● What is expected: The material below has pictures in it. Set down only the lines from the line containing "Mit shampoo dunkler" through the line containing "Rustic Hand Painted", word for word, and leave the pictures behind.

● Data under study:
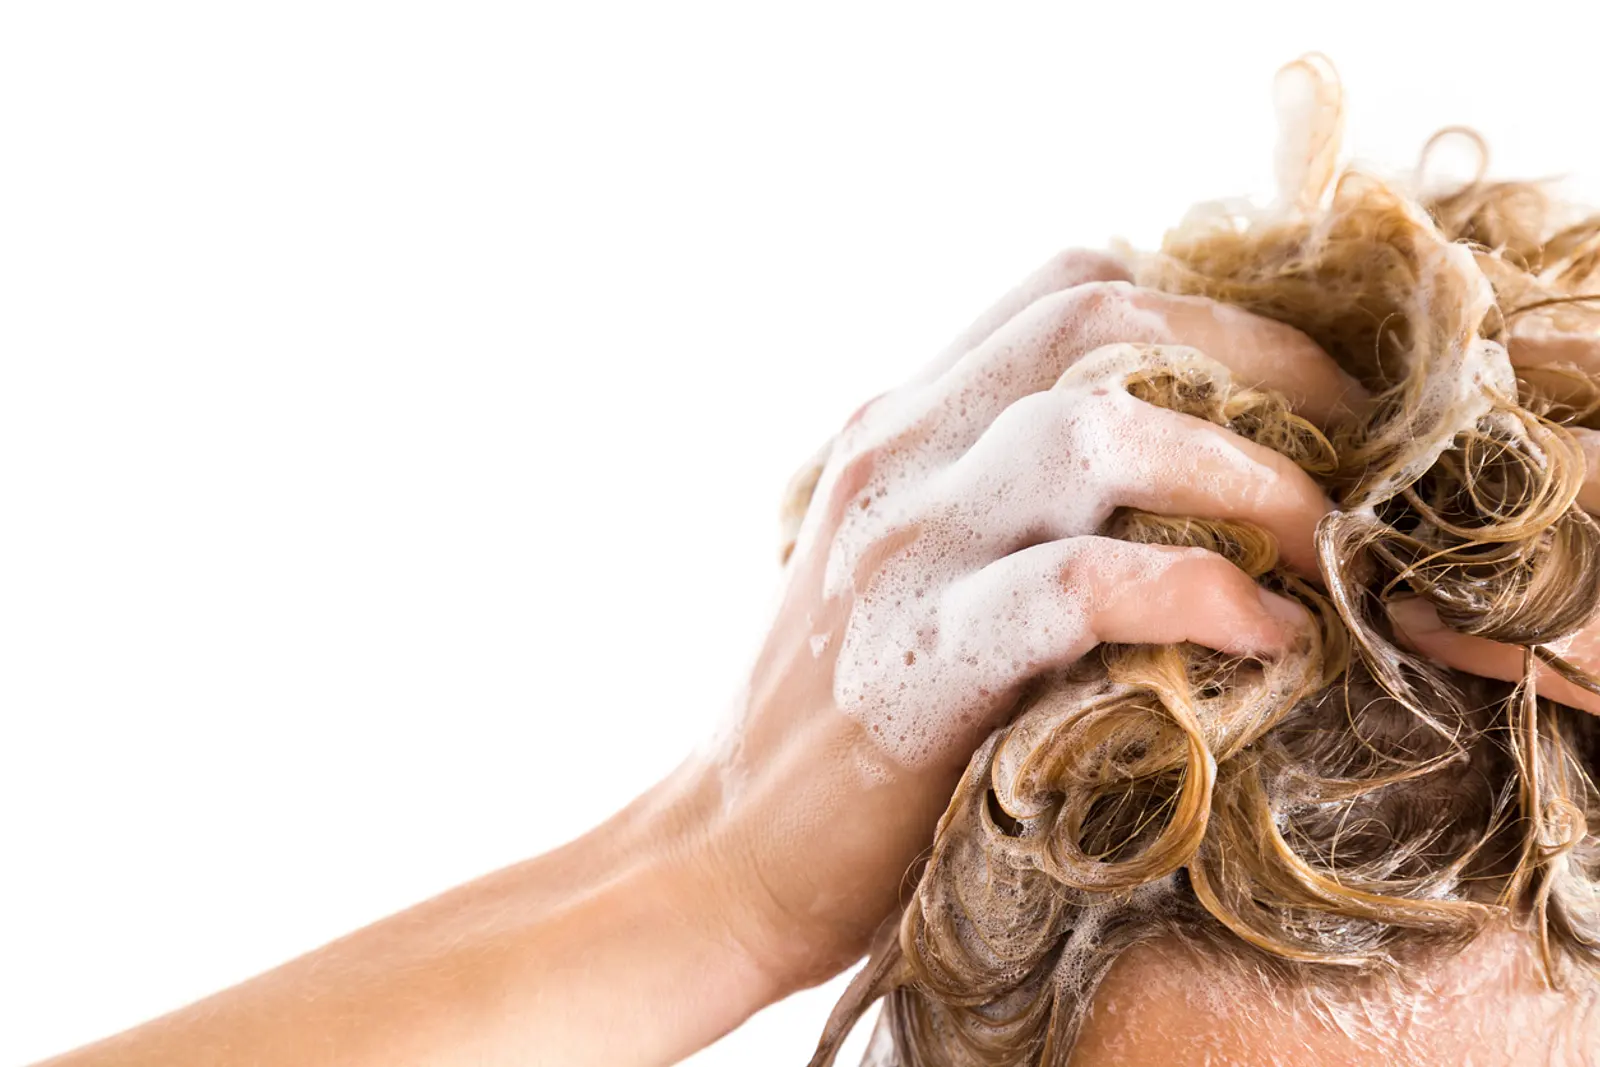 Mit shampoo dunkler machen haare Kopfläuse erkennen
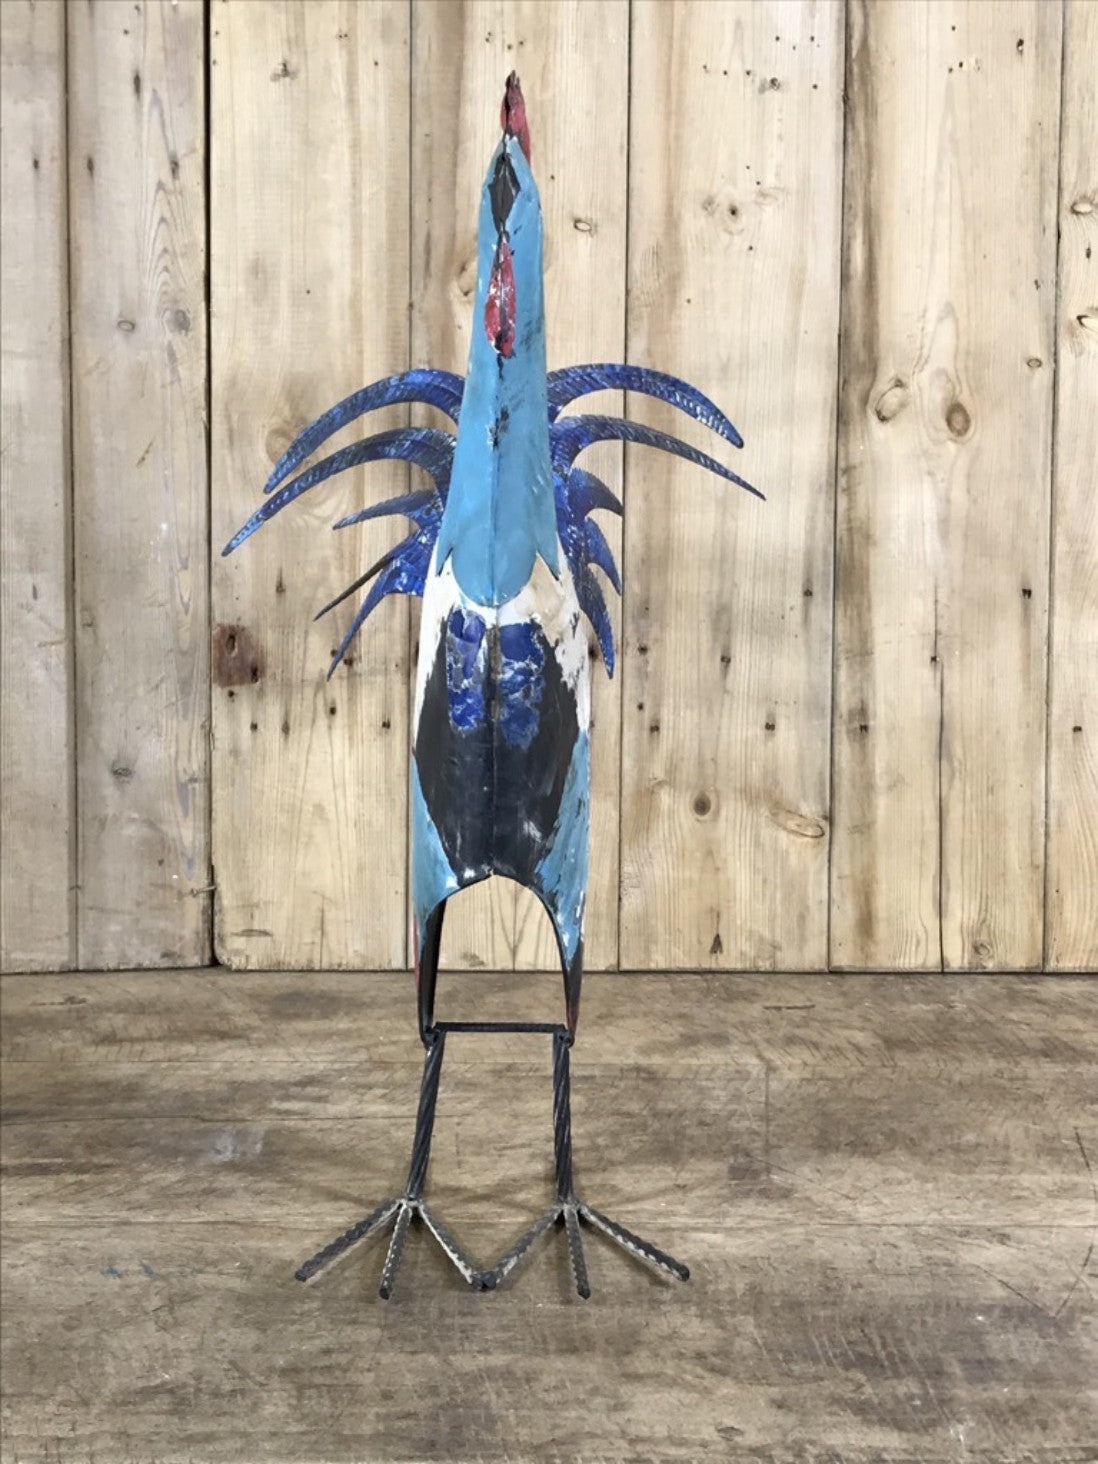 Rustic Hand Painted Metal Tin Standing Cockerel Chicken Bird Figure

* * *

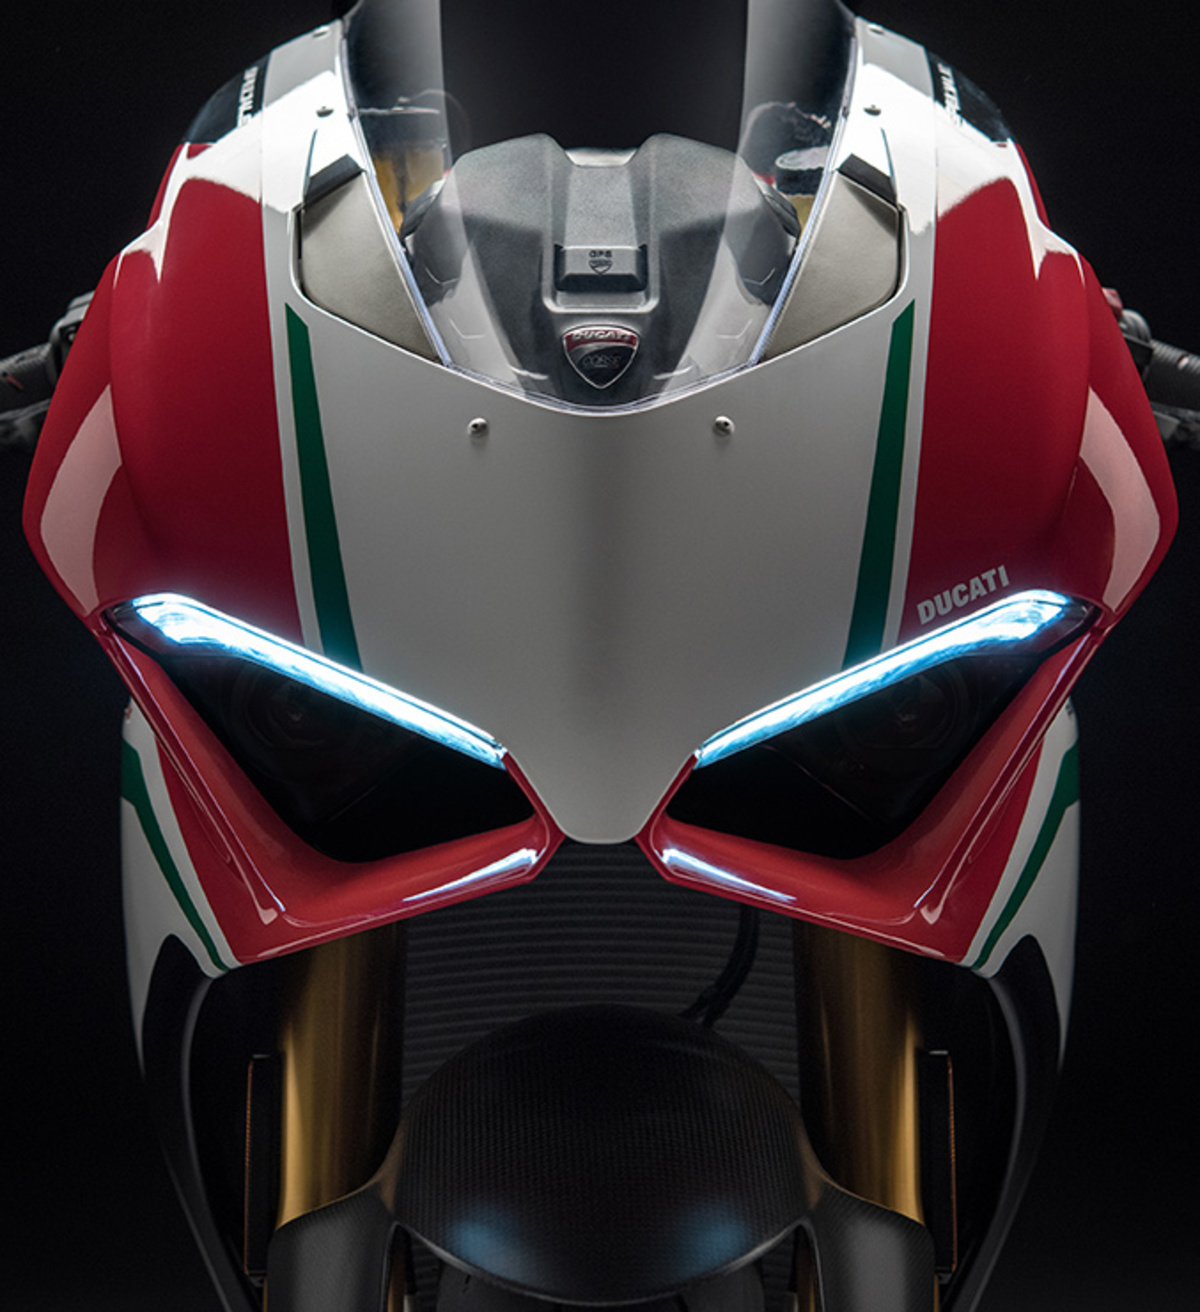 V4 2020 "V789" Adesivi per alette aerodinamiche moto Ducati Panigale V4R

==

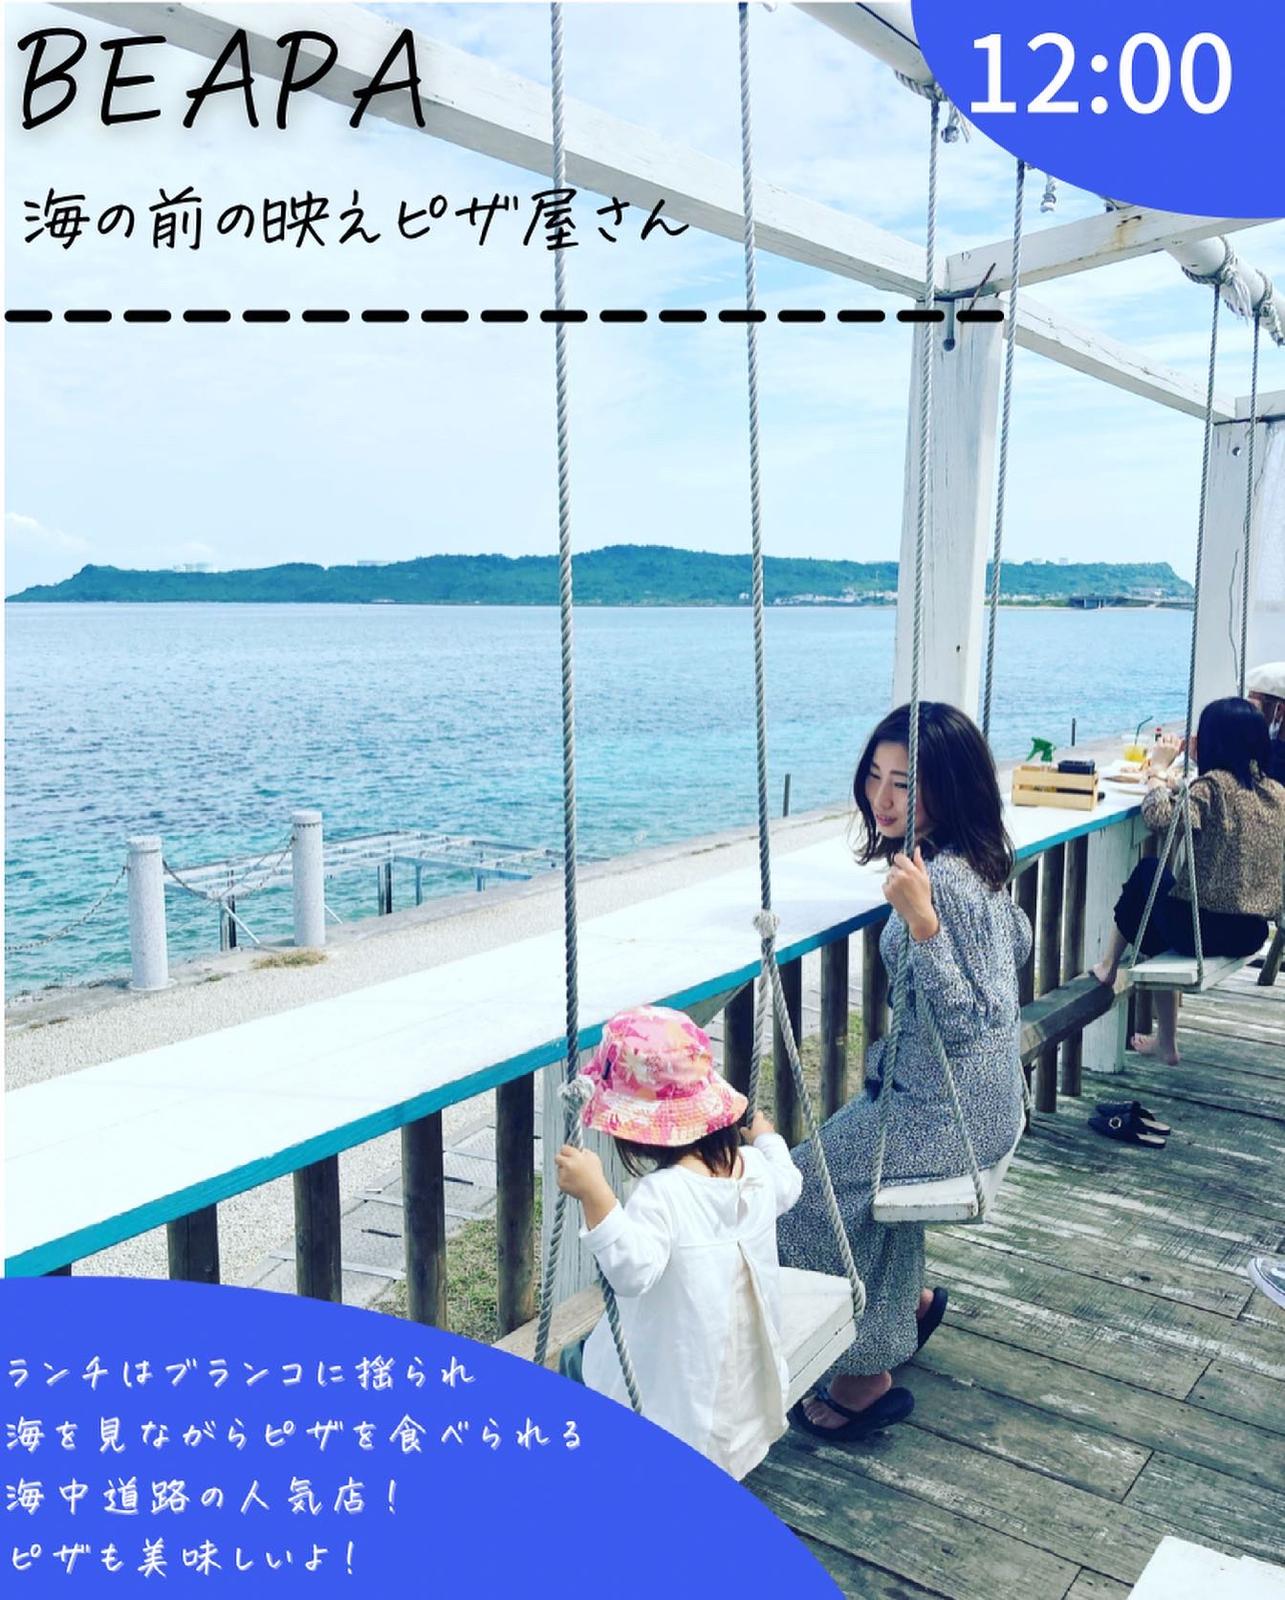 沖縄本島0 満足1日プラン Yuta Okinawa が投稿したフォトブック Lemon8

● Solution:
 Mit shampoo dunkler machen haare Kopfläuse erkennen
 Rustic Hand Painted Metal Tin Standing Cockerel Chicken Bird Figure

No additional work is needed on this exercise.